2025-03-27 22:57:31 +01:00
parent 2b75326eac
commit 755fd297bb
70 changed files with 1389 additions and 709 deletions
--- a/_posts/research/2021-03-01-anomalous-sound-features.md
+++ b/_posts/research/2021-03-01-anomalous-sound-features.md
@ -0,0 +1,30 @@
+---
+layout: single
+title: "Anomalous Sound Features"
+categories: research
+tags: anomaly-detection audio-classification deep-learning transfer-learning feature-extraction
+excerpt: "Pretrained networks extract features for anomalous industrial sound detection."
+header:
+  teaser: /assets/figures/8_anomalous_sound_teaser.jpg
+scholar_link: "https://scholar.google.de/citations?user=NODAd94AAAAJ&hl=en"
+---
+
+![Diagram showing features extracted by different pretrained networks visualized in a latent space](\assets\figures\8_anomalous_sound_features.jpg)
+{:style="display:block; width:40%" .align-right}
+
+Detecting anomalous sounds, particularly in industrial settings, is crucial for predictive maintenance and safety. This often involves unsupervised or semi-supervised approaches where models learn a representation of 'normal' sounds. This research explores the effectiveness of leveraging **transfer learning** for this task by using **pretrained deep neural networks** as fixed feature extractors.
+
+The core methodology involves:
+1.  Taking pretrained networks trained on large datasets from various domains.
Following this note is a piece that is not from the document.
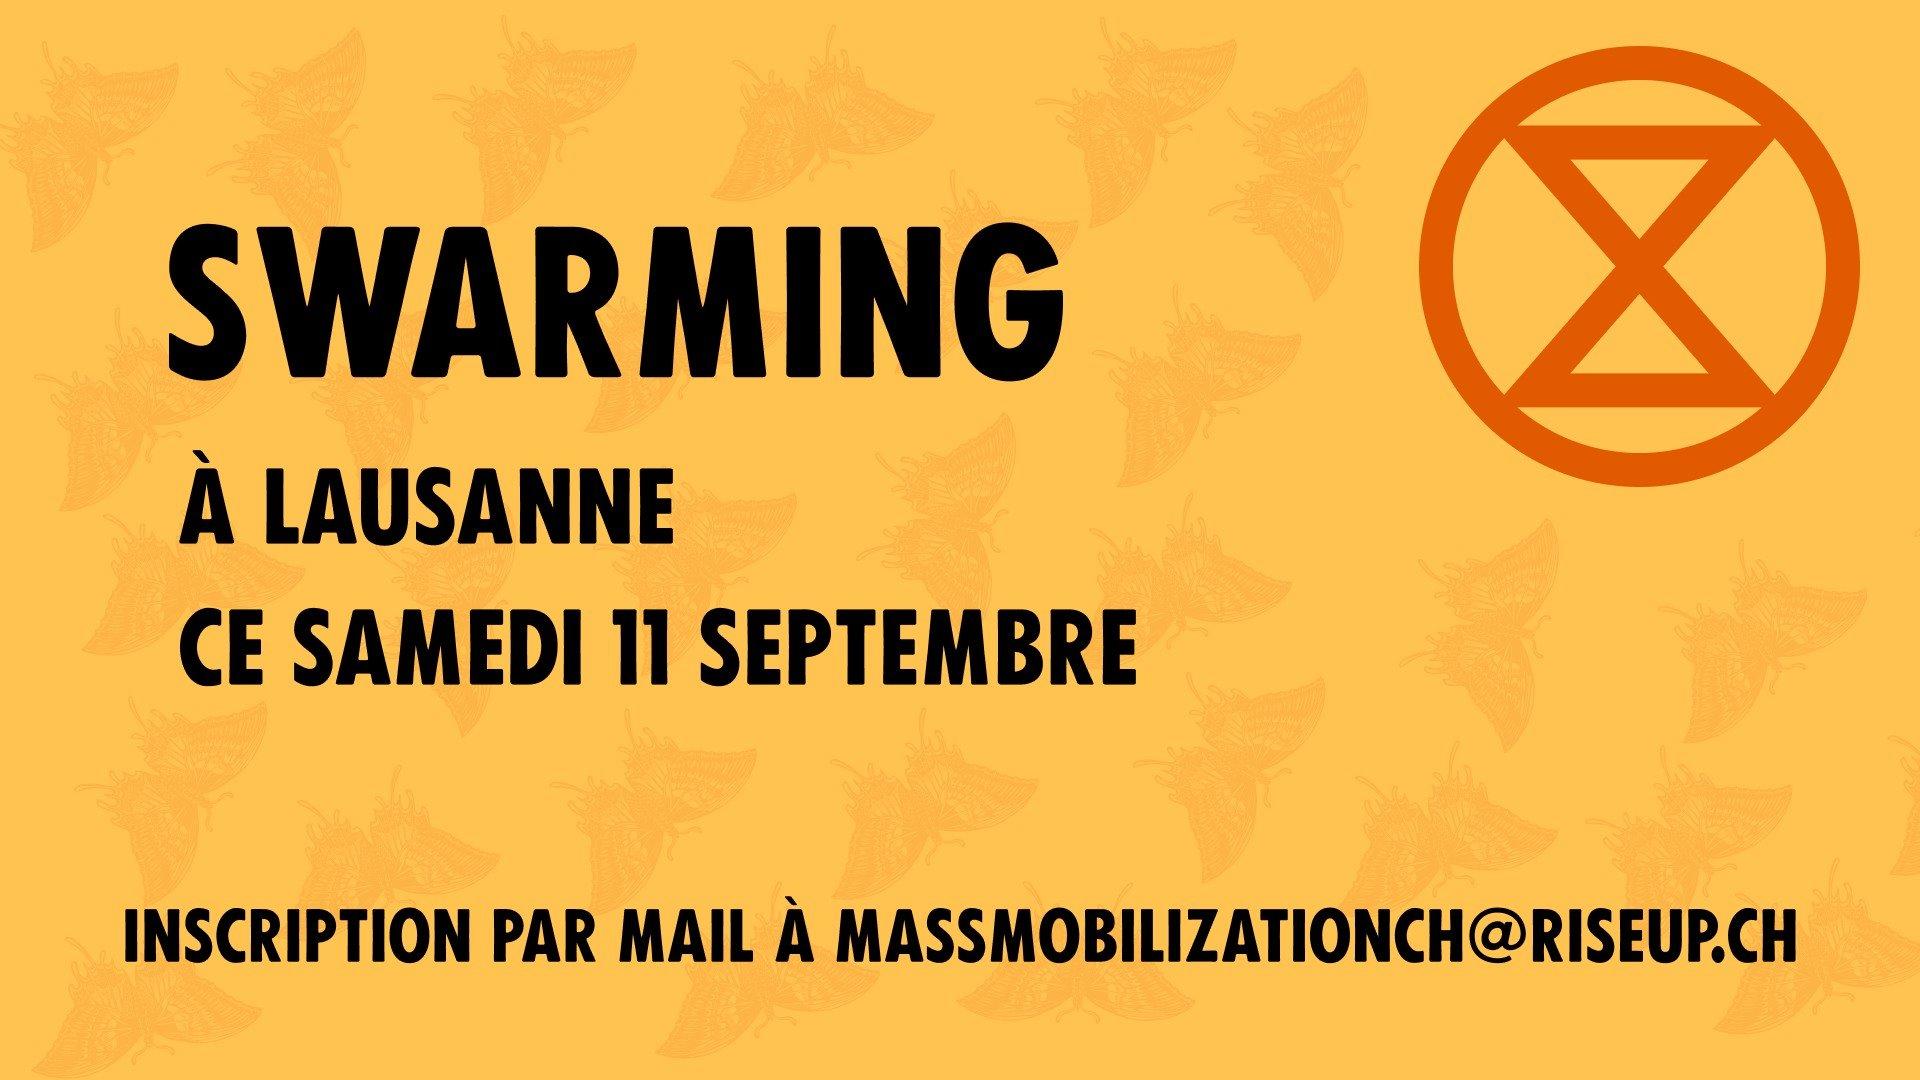 Action – swarming à Lausanne

+2.  Using these networks to extract high-level, potentially semantically rich feature vectors from audio signals (specifically, industrial machine noises relevant to challenges like DCASE - Detection and Classification of Acoustic Scenes and Events).
+3.  Modeling the distribution of features extracted from 'normal' sounds using a **Gaussian Mixture Model (GMM)**.
+4.  Identifying anomalous sounds as those whose extracted features have low likelihood under the learned normality model.
+
+A key aspect of this study was comparing feature extractors pretrained on distinctly different domains:
+*   **Images** (e.g., models trained on ImageNet)
+*   **Environmental Sounds** (e.g., models trained on AudioSet or ESC-50)
+*   **Music** (e.g., models trained on music tagging datasets)
+
+These were evaluated alongside a baseline autoencoder trained directly on the target machine sound data.
+
+Surprisingly, the results indicated that features derived from networks pretrained on **music data** often yielded the best performance in detecting anomalous industrial sounds, frequently surpassing features from environmental sound models and the autoencoder baseline. This counter-intuitive finding suggests that direct domain similarity between the pretraining dataset and the target application data is not necessarily the primary factor determining the utility of transferred features for anomaly detection. {% cite muller2020analysis %}